The land rights dispute between the Maya of southern Belize and the Government of Belize will be heard by the Caribbean Court of Justice (CCJ), following a decision by the Belize Court of Appeal on Friday to grant leave to the parties to challenge a decision granted by the Court of Appeal earlier this year.
In that decision, two of three judges upheld the customary land rights of the Maya of southern Belize, but they went further to rescind orders of the lower court which mandated the Government to give effect to those rights, such as orders for the Government to work with the Maya to demarcate lands and orders which restrained the Government from unilaterally issuing oil contracts and logging concessions on what the Maya deem to be their ancestral lands.
Antoinette Moore, SC, told Amandala that the Toledo Alcaldes Association (TAA), the Maya Leaders Alliance (MLA) and the villagers challenging the Court of Appeal decision have 21 days to file their claim with the CCJ.

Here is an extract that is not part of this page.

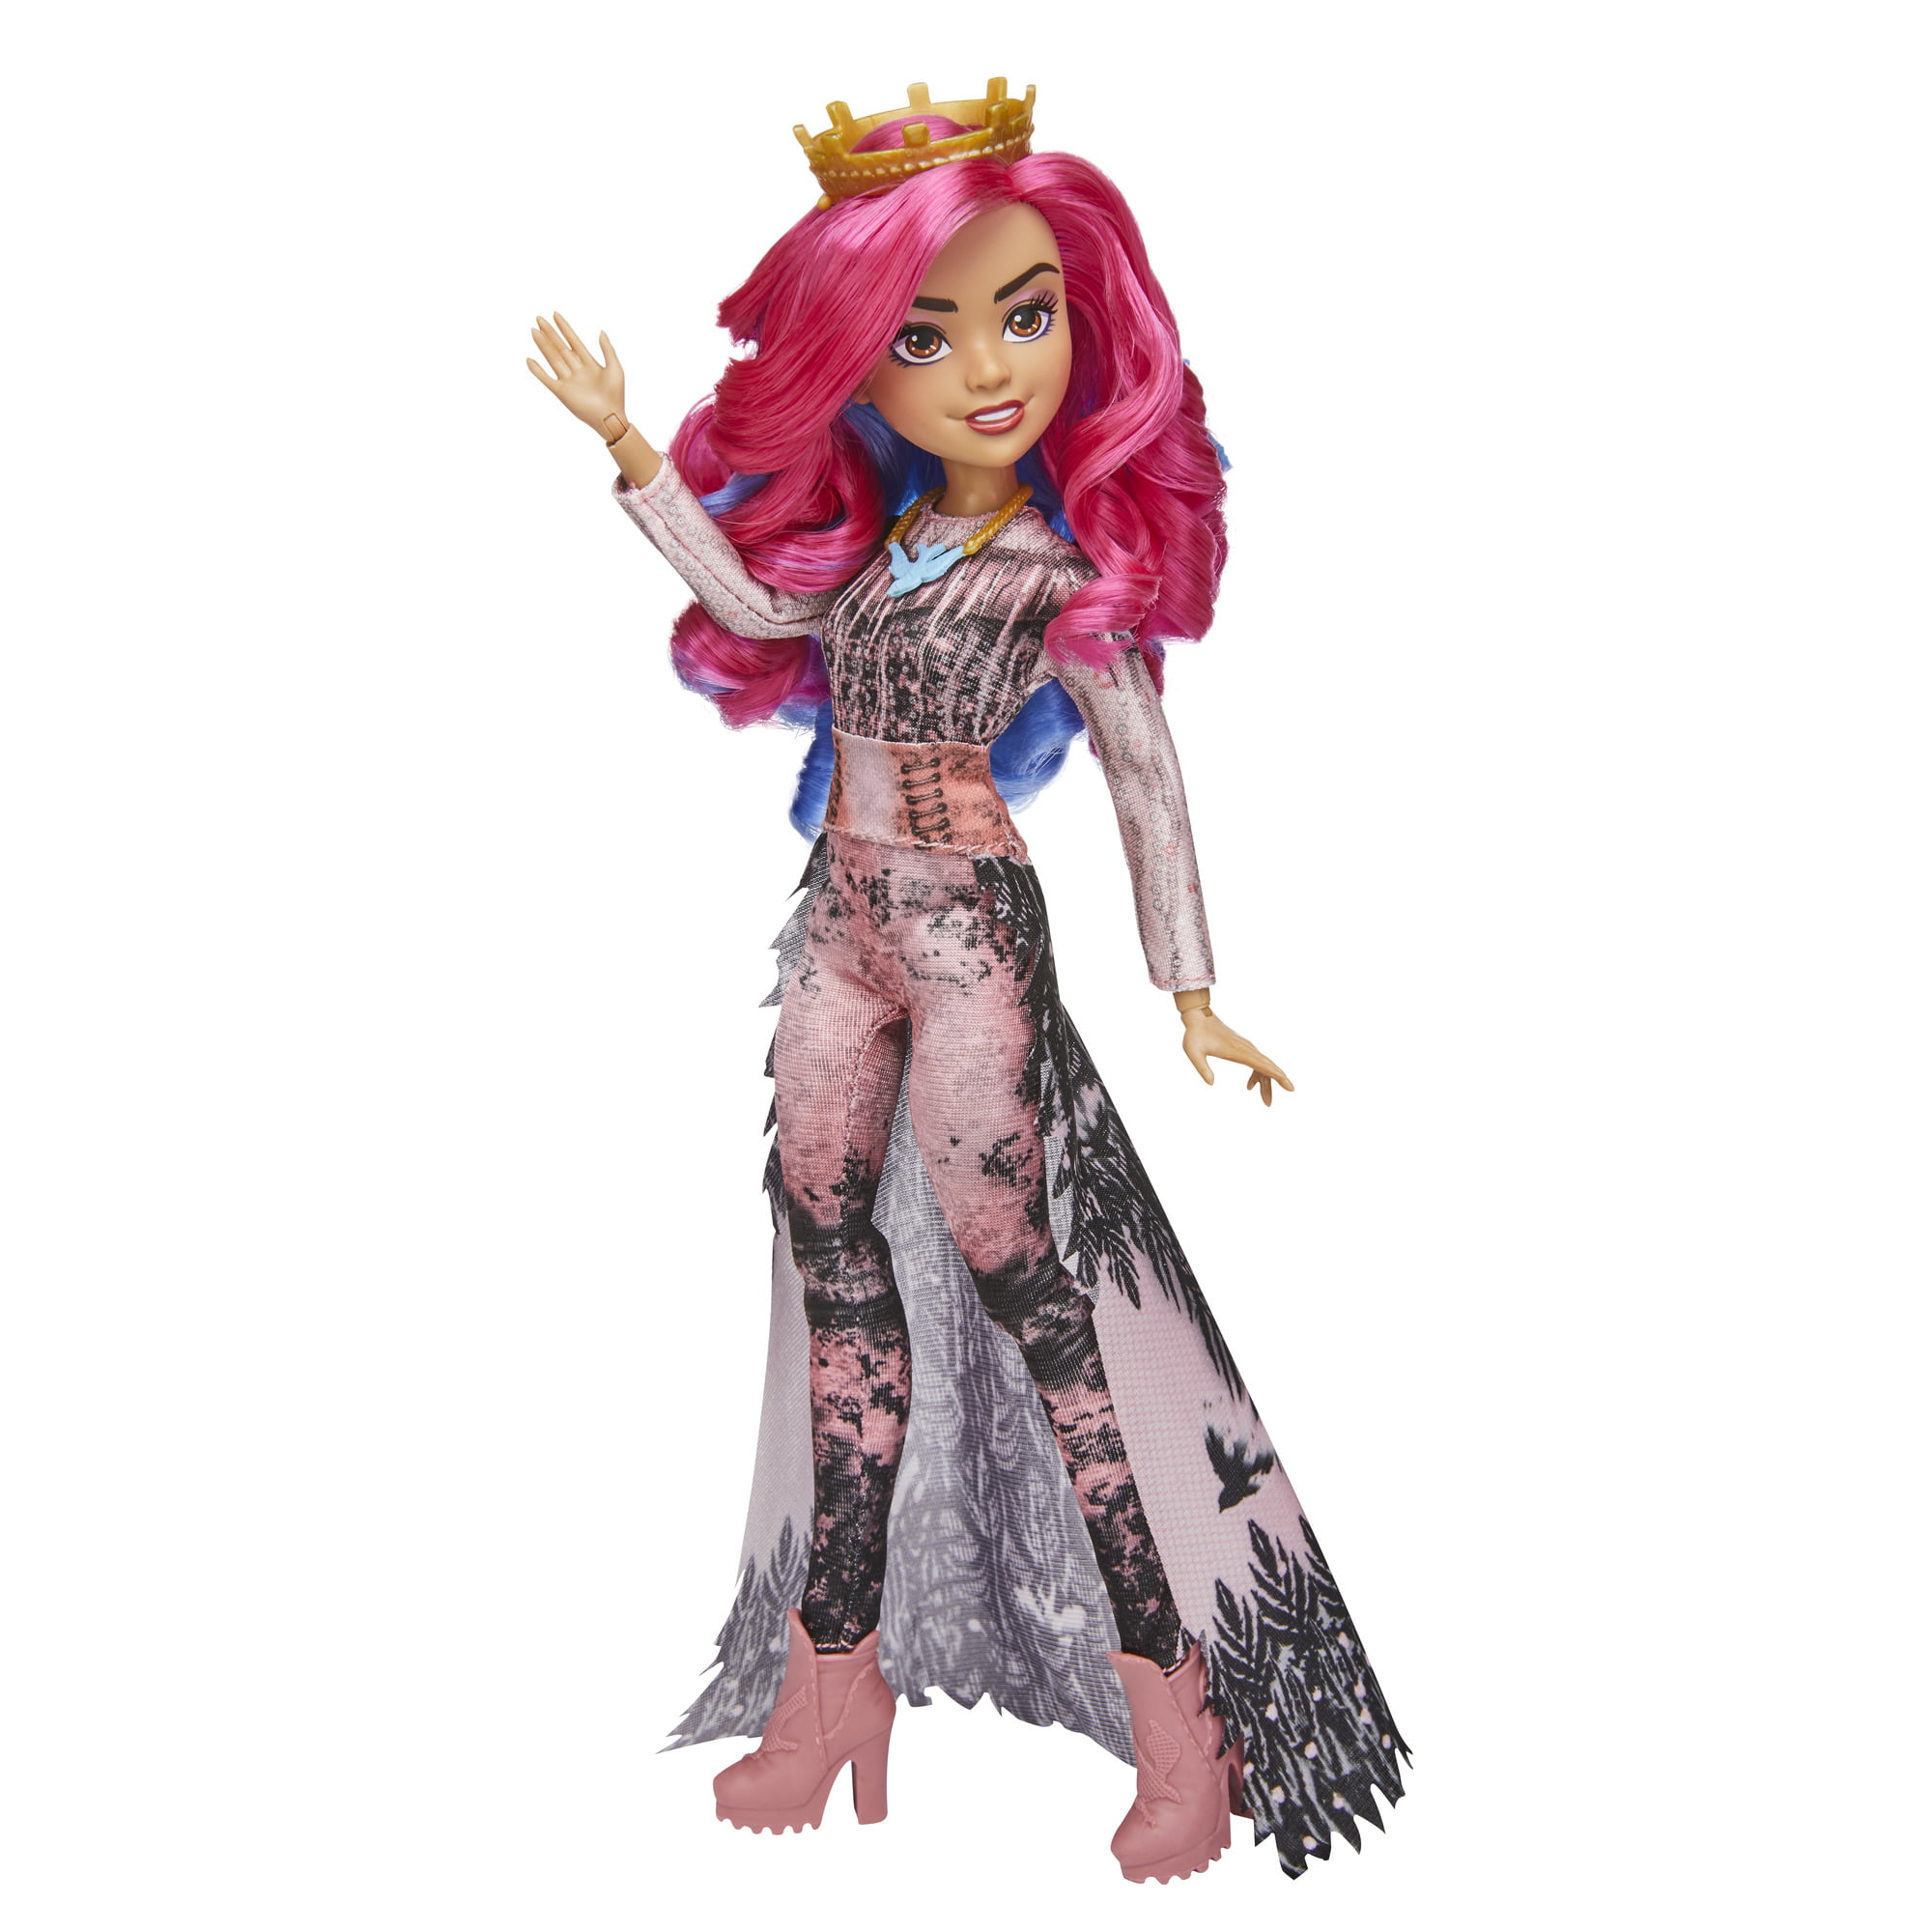 princess audrey doll

Of note, though, is that the Government of Belize is also challenging the Court of Appeal decision. Denys Barrow, SC, told our newspaper that the minority decision issued by the president of the Court of Appeal, Justice Manuel Sosa, means that a very important question is left to be resolved: that is, whether the Maya of Toledo can truly claim indigenous rights, since the judge seems to agree with the Government’s assertions that they are migrants to this part of the Central American isthmus.
The Government will argue their case in a cross-appeal to the CCJ case.
Senior Counsel Moore told Amandala that what this means is that “essentially the whole case will be under review by the CCJ.”
“The Maya Leaders Alliance, the Toledo Alcaldes Association, and the villagers are seeking a review of the portion they lost, which had to deal with the injunctive relief and the title demarcation – the obligations of the Government to protect the land; and the Government is appealing the portion of the case which affirms customary land rights. There is nothing else for them to appeal,” Moore told us.
She said that the land rights issue is really the primary underlying issue in the case.
Friday’s decision to allow the appeal was issued by President Sosa, Justice Dennis Morrison, and Justice Samuel Awich. The Maya have until November 22 to file their appeal with the CCJ.
Moore said that, “Whatever decision the CCJ makes will be persuasive and have implications for the Caribbean and the broader Commonwealth.”
Senior Counsel Barrow, too, believes that the CCJ hearing is necessary to resolve some vital issues:
“President Sosa gave a breathtaking survey of the law regarding indigenous persons – what qualifies you to be classified as an indigenous or as a descendant of the indigenous people, and his decision was that the Maya were migrants and not indigenous persons in Belize,” Barrow said, referring to the minority decision in the Court of Appeal case.
Barrow said that it is the Government’s position, in view of dissenting opinion by Sosa, that it has a duty, in the public interest, to have the matter resolved. He noted that two judges had a differing view and the third concurred with one of the two, in favor of the Maya.
“It does not establish the kind of certainty which is needed. If the CCJ decides that Justice Sosa was wrong, fine! But the CCJ may decide that Sosa was correct…” Barrow told us.
Could such a decision in any way unsettle the ruling which former Chief Justice Abdulai Conteh made in favor of Conejo and Santa Cruz, Toledo, which the Government did not appeal?
“No, it cannot alter the decision,” Barrow conceded.
He said that the Conteh decision (issued in 2007) remains binding on the Government, as well as Conejo and Santa Cruz; although an opposite ruling by the CCJ would mean “you will have the anomaly that that decision stands but a later, higher decision shows that it was wrong…”
Of note is that a decision is pending from the Supreme Court in the challenge by four Maya communities in Toledo and the Sarstoon Temash Institute of Indigenous Management (SATIIM), joined by the Association of Protected Areas Management Organizations (APAMO) – which are together seeking the court’s intervention against a decision by the Government to grant an oil contract to US Capital Energy over what they maintain are ancestral lands, and to furthermore issue a permit to the oil company to drill inside a national park, when such activities are prohibited under the National Parks Systems Act.
Senior Counsel Barrow is also the Government’s lawyer in that Supreme Court case.